# Last few weeks...



## barefoot (Nov 3, 2011)

Mark Azevedo & I have been fishing together and absolutely destroying the trout n reds and a few flounder all over Santa Rosa County. From the sound to N. bays (Esc./SR), the fish are hungry & feeding.

I even managed to kill my unicorn last week, flounder on rod-n-reel. My FIRST and PERSONAL BEST rod-n-reel flounder in all my years of fishing…never targeted them or even tried very much (always gigged them, it was easier). She measured 22” and was incredibly fat, she had a 5” partially digested fish in her stomach and ate my mr17 of all things.

Winter season is just kicking off. I know some of my other fishermen who will remain nameless have been catching some huge trout already.
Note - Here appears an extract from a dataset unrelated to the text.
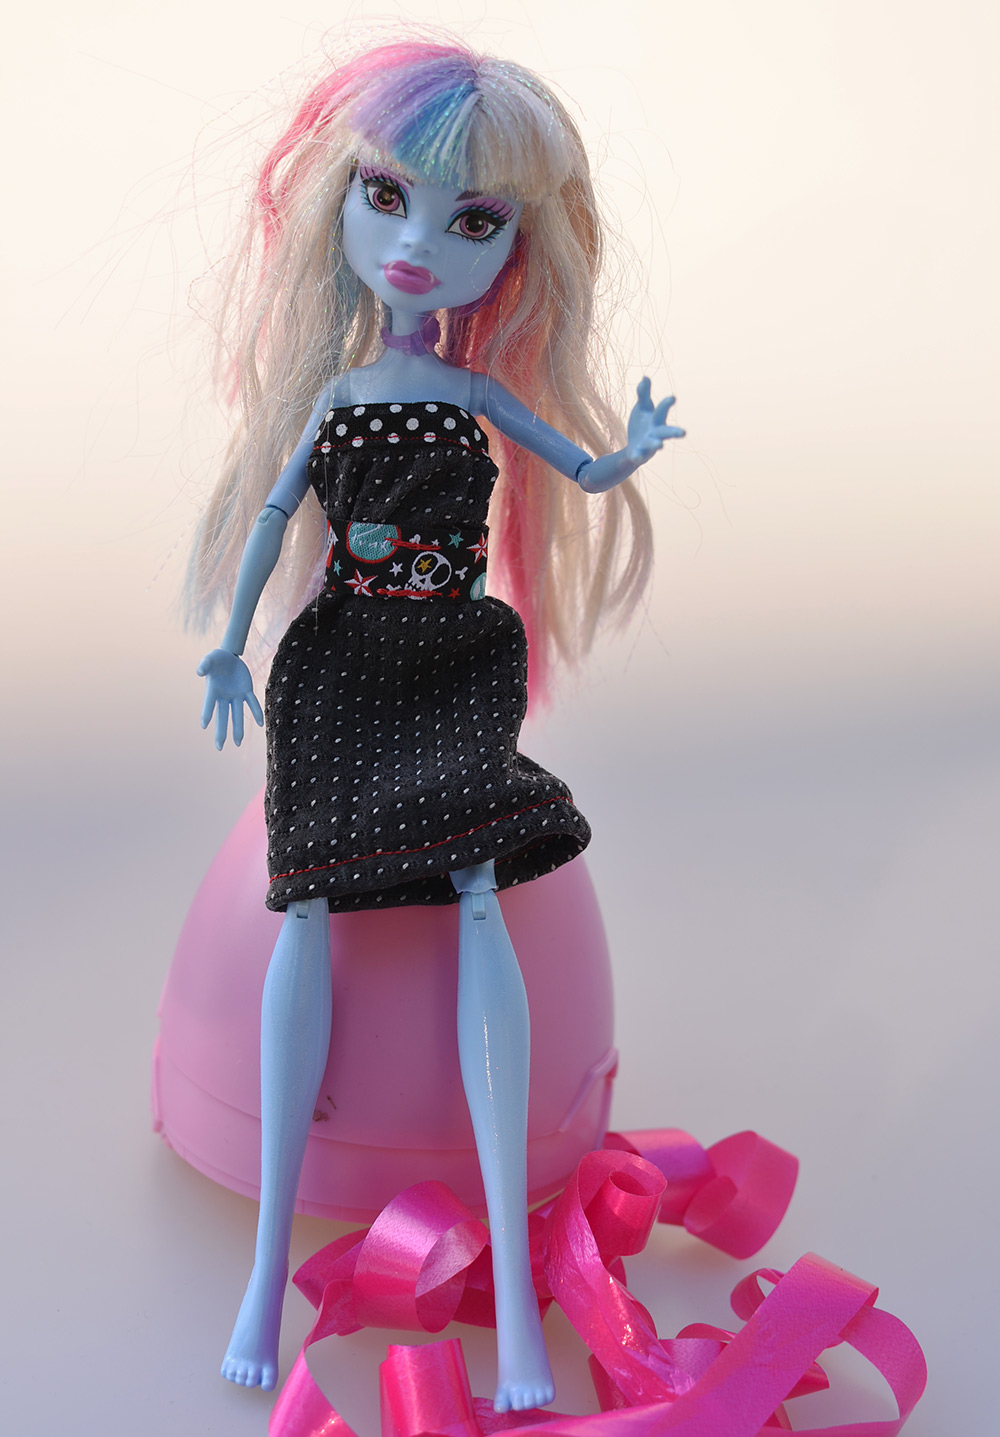 Krawatten-Upcycling: Puppenkleid für Monster High nähen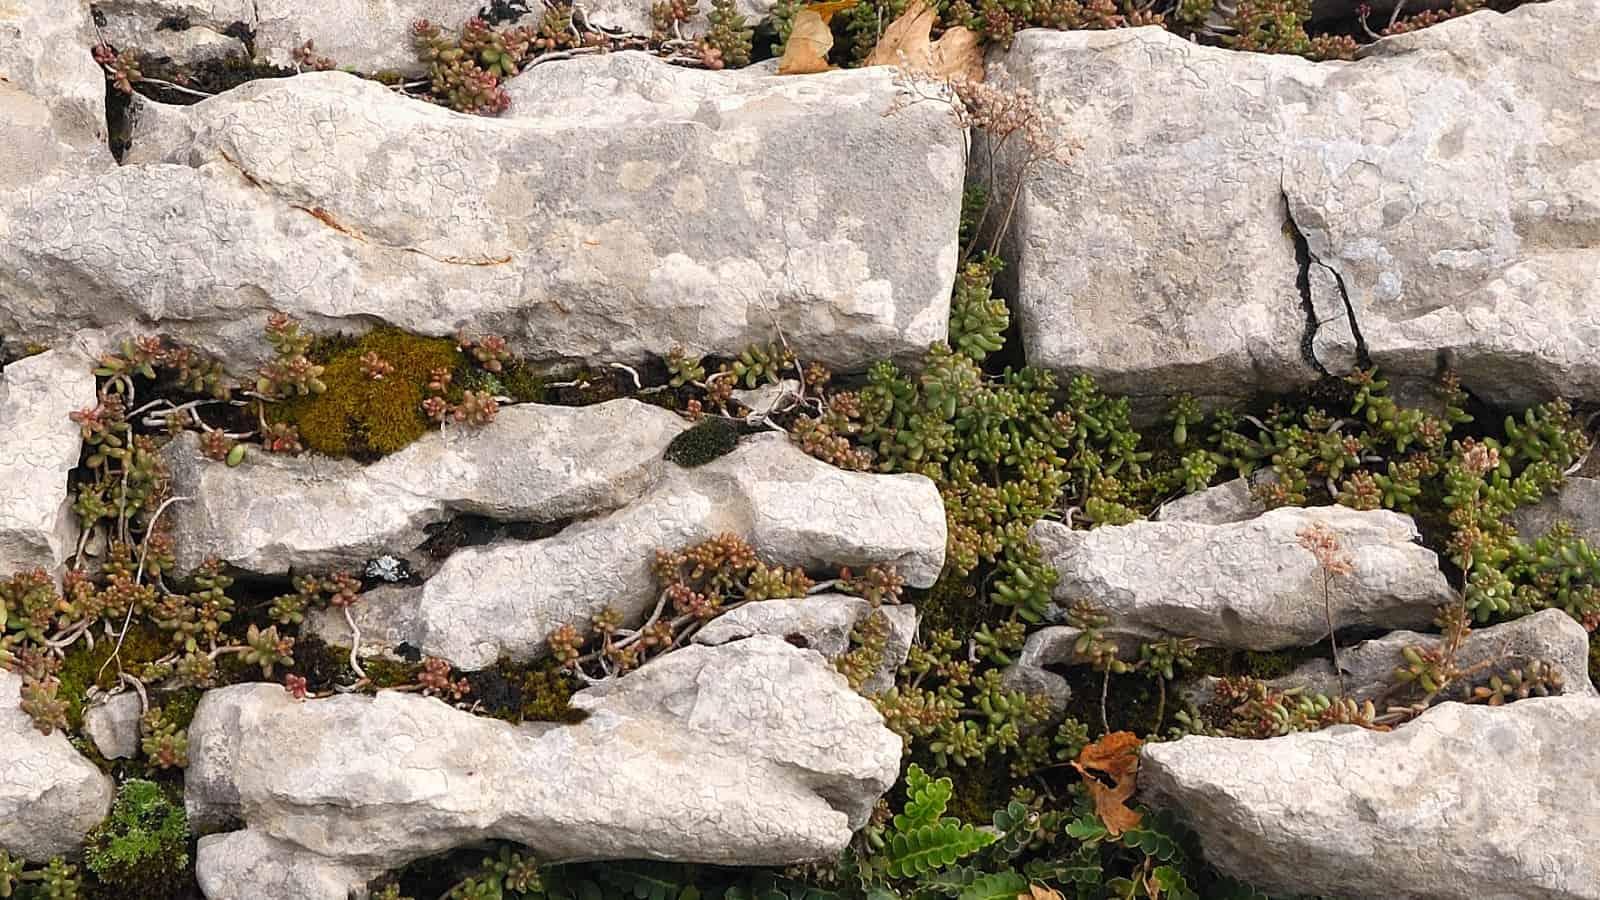 Milzfarn, Schriftfarn, Apothekerfarn (Asplenium ceterach) und weiße Fetthenne (Sedum album) in Kalkstein-Grikes - Foto: Naturpark Vachranski Balkan/Krasimir Lakovski

Should be a good winter season.

Tight lines everyone. Enjoy the photos.


----------



## Boat-Dude (Sep 24, 2011)

That is one stud flounder!!! Lets eat!


----------



## lobsterman (Sep 30, 2007)

You wore them out for sure! Great job.


----------



## 16983 (Sep 12, 2011)

Damn nice Flounder Bruce


----------



## Addskewed (Jun 19, 2017)

Wow! I'm getting envious over here. I would need a bigger oven. Great report


----------



## barefoot (Nov 3, 2011)

Thanks Ya'll.
Yep, she was big and delicious!


----------



## Jason (Oct 2, 2007)

That is awesome the flattie ate the MR!!! Looks like a fine day brother!!!


----------



## Skiffer (Jan 28, 2015)

Some nice looking fish there Bruce.


----------



## Jgatorman (Jun 8, 2013)

Excellent work!!!


----------



## Foulhook (Apr 26, 2010)

Nice job, way to rub it in for those of us too busy to get on the water.


----------



## SurfRidr (Apr 24, 2012)

Foulhook said:


> Nice job, way to rub it in for those of us too busy to get on the water.




Amen!

I live vicariously through you guys. 

Although it wasn't a kayak, I fish a lot of the same types of water, and I did manage to get into some big reds a few weeks back, discovered by accident they wanted moving baits as I reeled a jerk bait in fast to make another cast. Ended up hooking 5 big reds over the course of the day. My only trip in weeks and weeks so it was pretty cool.


----------